The core-surrounding sheath (3) comprises a rubber mixture which includes one fibre package. Each fibre package surrounds the core (2) and comprises

• a first group of fibres or strands (5) which substantially extend along a first direction which forms an angle (a) of virtually 45° with the longitudinal axis (9) of the cable (1);

• a second group of fibres or strands (6) which substantially extend along a second direction which forms an angle (β) of virtually 45° with the longitudinal axis (9) of the cable (1), so that the fibres or strands of the respective first and second group (5, 6) cross each other at an angle of virtually 90°;

• a third group of fibres or strands (7) which substantially extend along the longitudinal axis (9) of the cable (1);

and in which the pliable cable (1) has undergone a vulcanisation or polymerisation process so that the elastomer is vulcanised or polymerised.

Here, the angles (α, β) between the first direction and the longitudinal axis (9) of the cable (1) and between the second direction and the longitudinal axis (9) of the cable (1) are given without indicating the sign, positive (+) or negative (-), as the direction in which they are to be read is not being taken into account.
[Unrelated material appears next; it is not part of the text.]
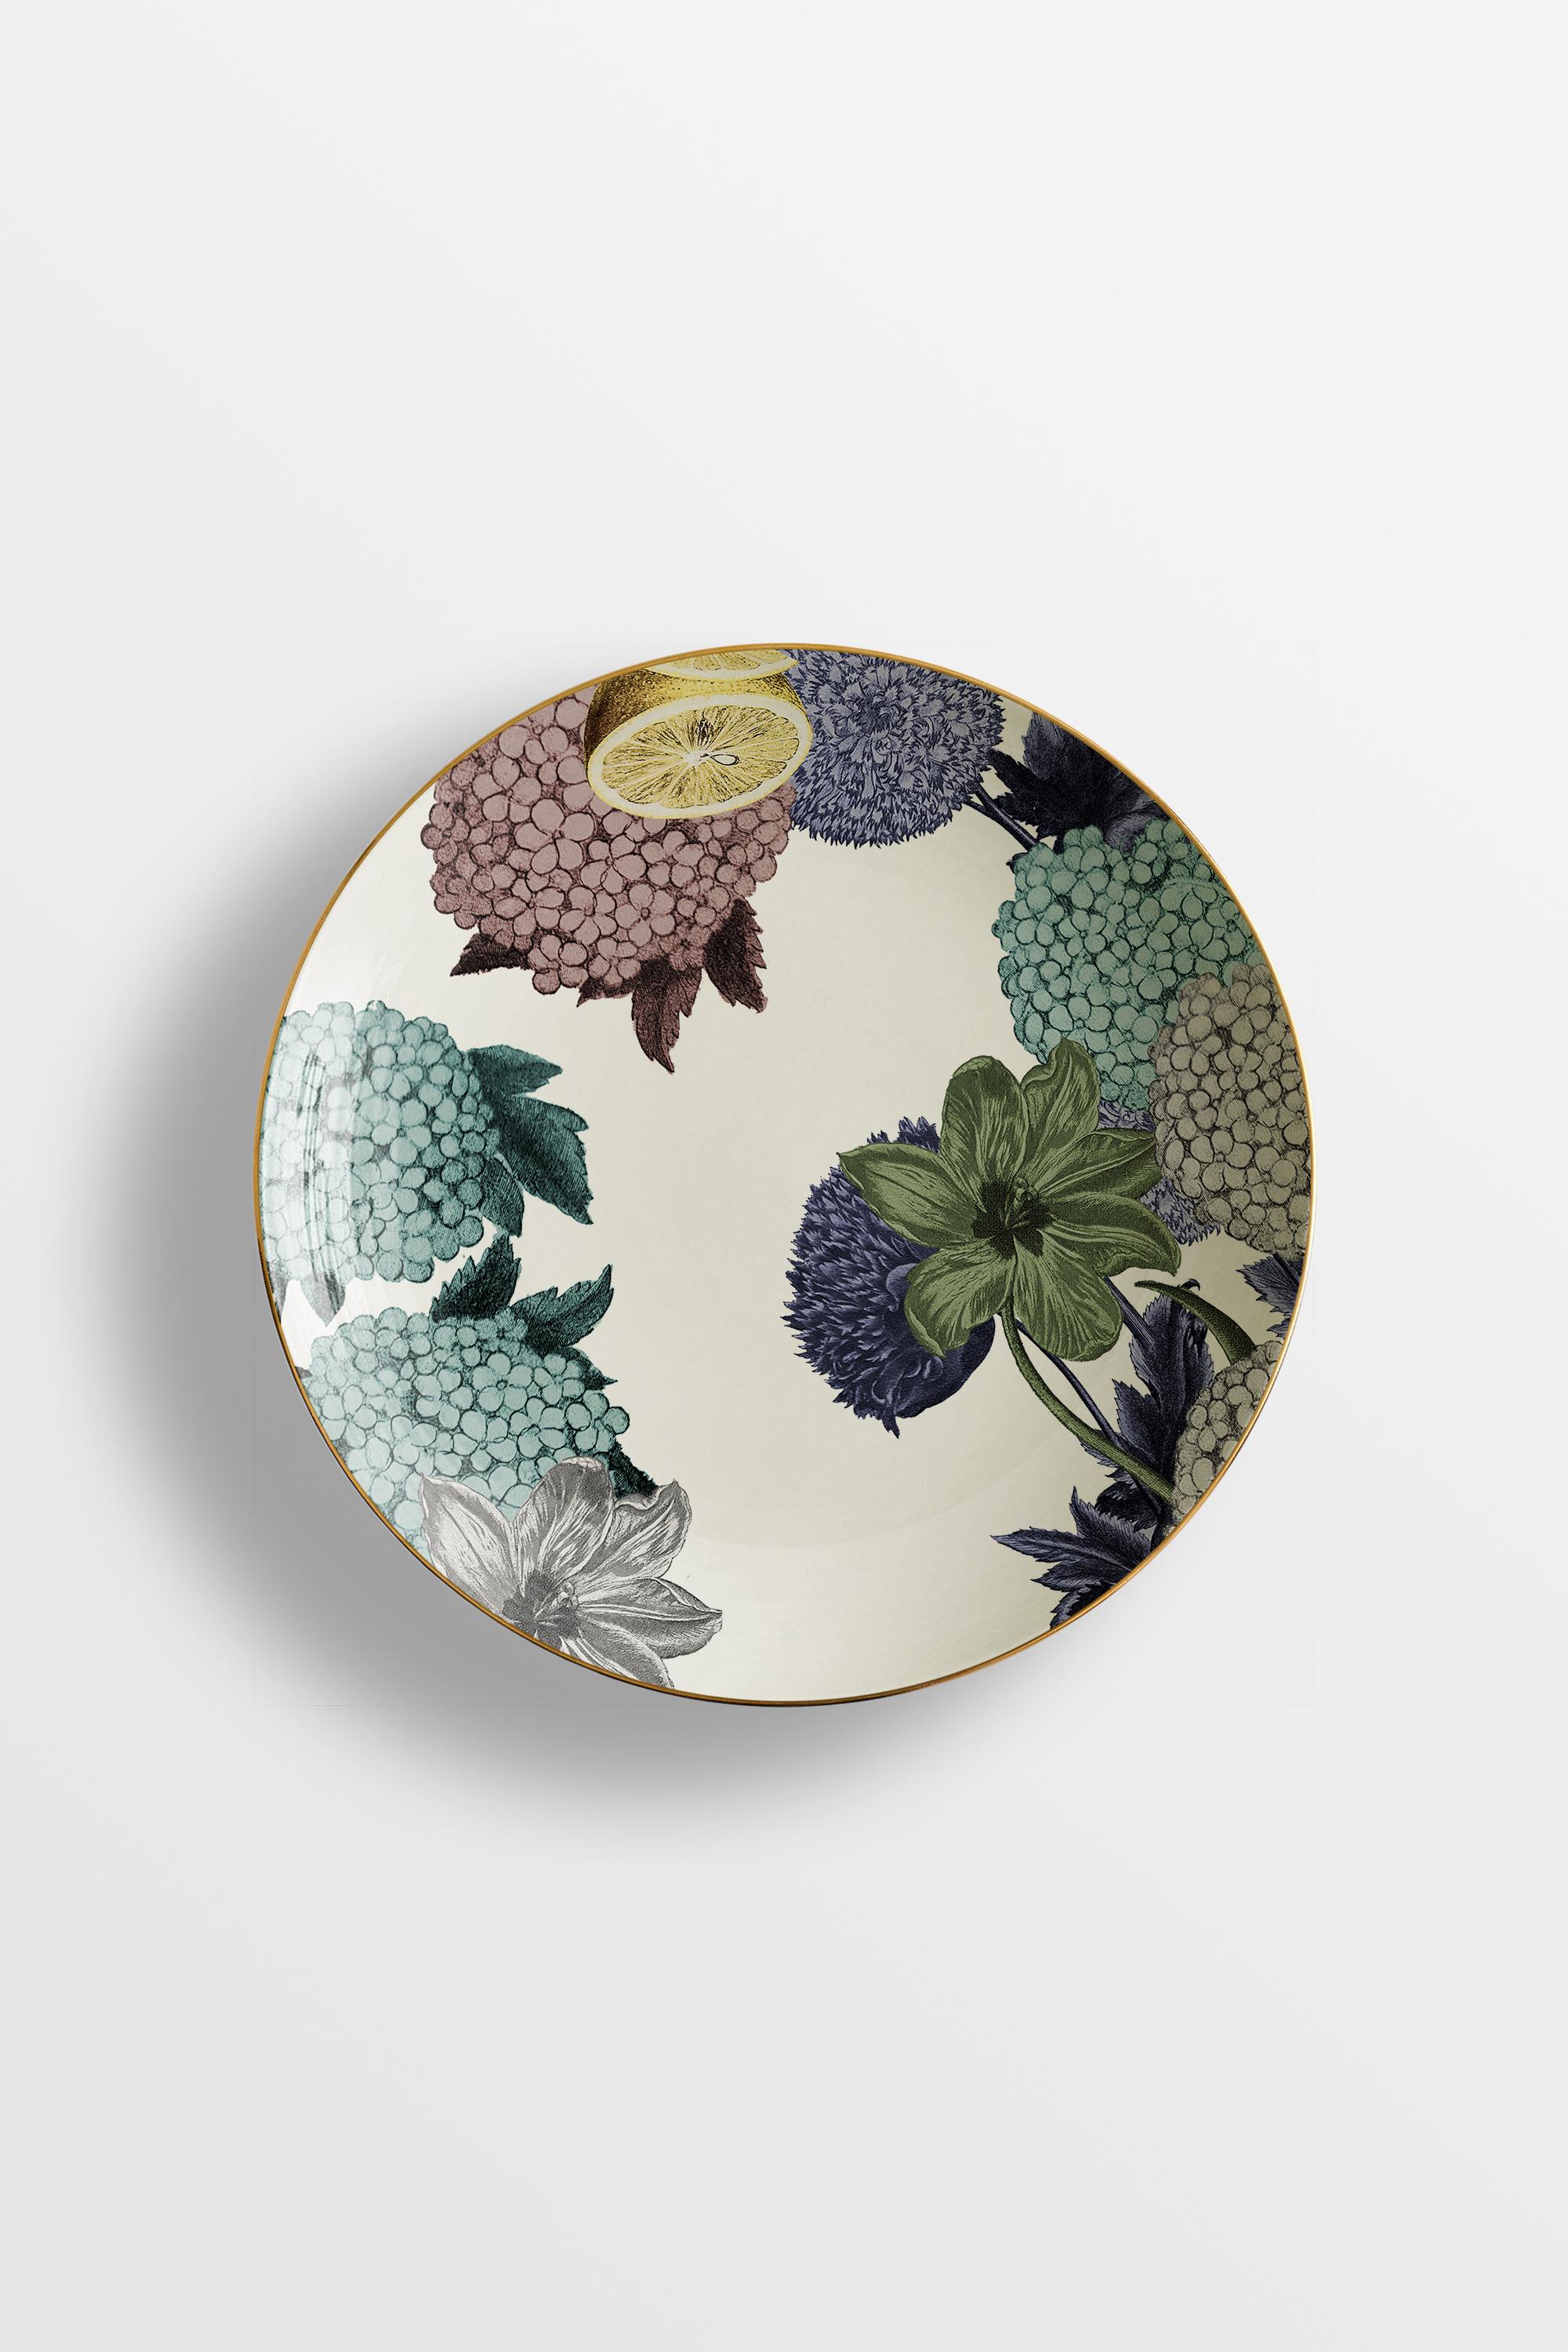 Cairo, Six Contemporary Porcelain Soup Plates with Decorative Design For Sale 2

However, if the angles (α, β) are read starting from the longitudinal axis (9), the angle (a) between the first direction and the longitudinal axis (9) is + 45°, since this is read counterclockwise, and the angle (β) between the second direction and the longitudinal axis (9) is -45°, since this is read clockwise. Both angles (α, β) are thus on either side of the longitudinal axis (9).

All these fibres or strands (5, 6, 7) extend around the core (2) and the successive fibres or strands of the first group of fibres or strands (5), as well as the successive fibres or strands of the second group of fibres or strands (6), and the successive fibres or strands of the third group of fibres or strands (7) extend at a certain intermediate distance apart. Thus, the fibres or strands within a group (5, 6, 7) do not bear against each other, as rubber is provided between the fibres or strands within a group (5, 6, 7). The first group of fibres or strands (5) extends around the core (2). The third group of fibres or strands (7) extends around the first group of fibres or strands (5) and the second group of fibres or strands (6) is arranged around the third group of fibres or strands (7). In a cross-section at right angles to the cable (1), starting from the core (2) outwards, the first group of fibres or strands (5), the third group of fibres or strands (7) and the second group of fibres or strands (6) can be seen. In said cross- section, starting from the core (2) outwards, it can also be seen that that there is an intermediate distance between the fibres or strands of the successive groups of fibres or strands (5, 6, 7). The fibres or strands of the first group of fibres or strands (5) therefore do not touch the fibres or strands of the third group of fibres or strands (7) and the fibres or strands of the second group of fibres or strands (6) do not touch the fibres or strands of the third group of fibres or strands (7) either.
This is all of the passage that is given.